Indeed, instead of setting a tone and atmosphere for his narrative, the filmmaker bounces around Manhattan like it’s just another big city backdrop. He utilizes gimmicky techniques such as shaky-cam “you are there” tracking shots to ‘electrify’ the action. All it does is make us queasy and confused. On the positive side, he does work well with actors, getting excellent work out of Norton, Emmerich and John Ortiz (as the troubled bad cop “Sandy” Santiago). Unfortunately, he doesn’t reel in Farrell, who flails here like he’s never thrashed before. His Jimmy is a jest covered in Irish beat bluster. Putting on the awkward American version of his Dublin roots, he’s internally blank while being outwardly unhinged.
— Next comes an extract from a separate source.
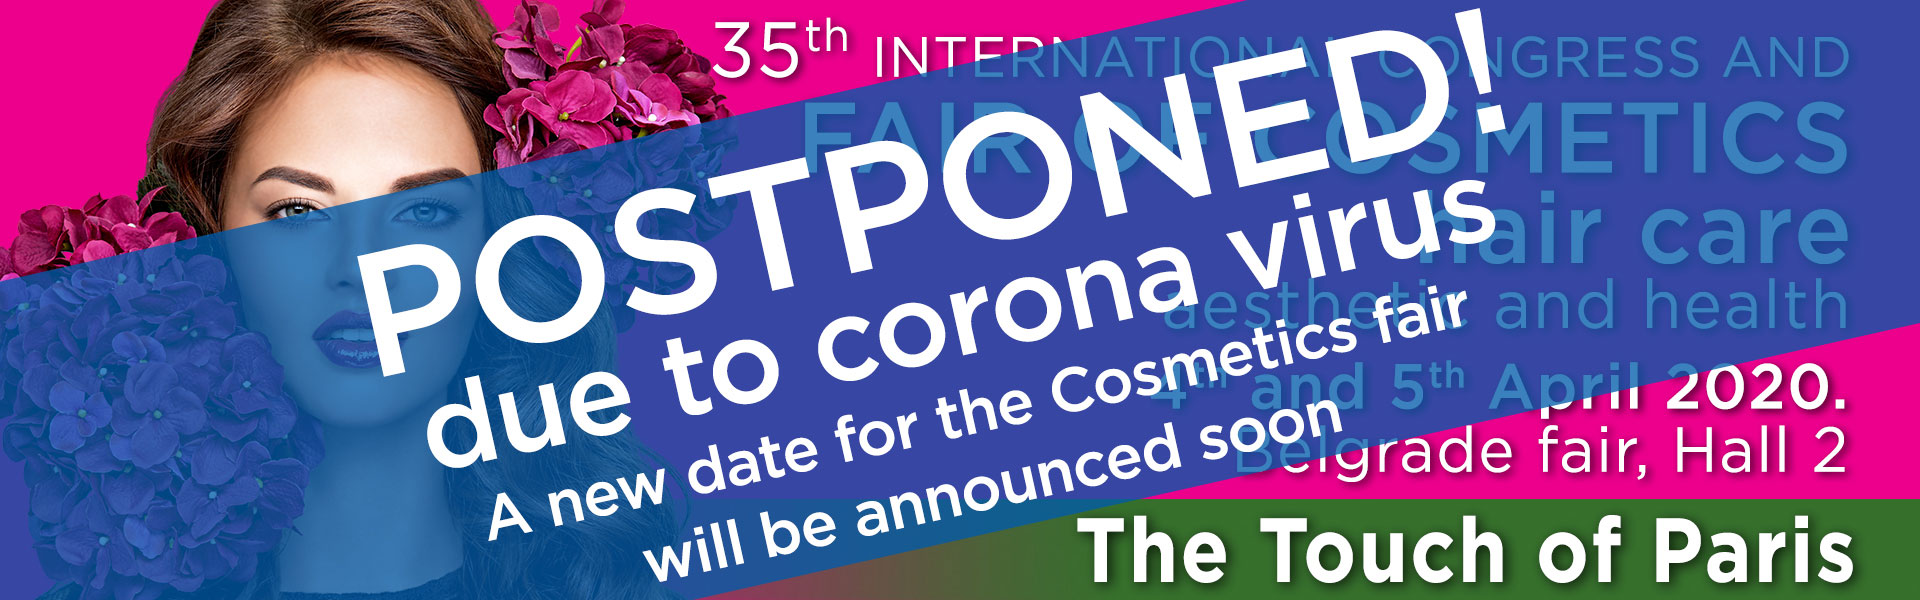 International fair The touch of Paris - postponed due to Coronavirus

We keep waiting for the moment his character cracks out the hockey mask and begins splattering teens. Instead, Farrell simply glowers.

Still, for all its misguided motives, biographical blanks, and last act idiocy (a barroom brawl? A Do the Right Thing inspired riot?) there is a natural curiosity that keeps Pride and Glory from completely dissolving into pointlessness. Norton gets us to care about Ray’s quest, and we tend to follow his investigation with a sense of mystery. Of course, we know all the angles and anticipate all the roadblocks, but O’Connor and his crew aren’t overly worried about predictability. In their mind, this material - no matter how familiar it ends up being - has its own inherent ability to grip the viewer. Unfortunately, a surplus of story and an innate inevitability makes this movie so stereotypical it sputters. Acting alone can’t save something we understand by rote. Pride and Glory ends up being too similar to the sources it mimics to save itself.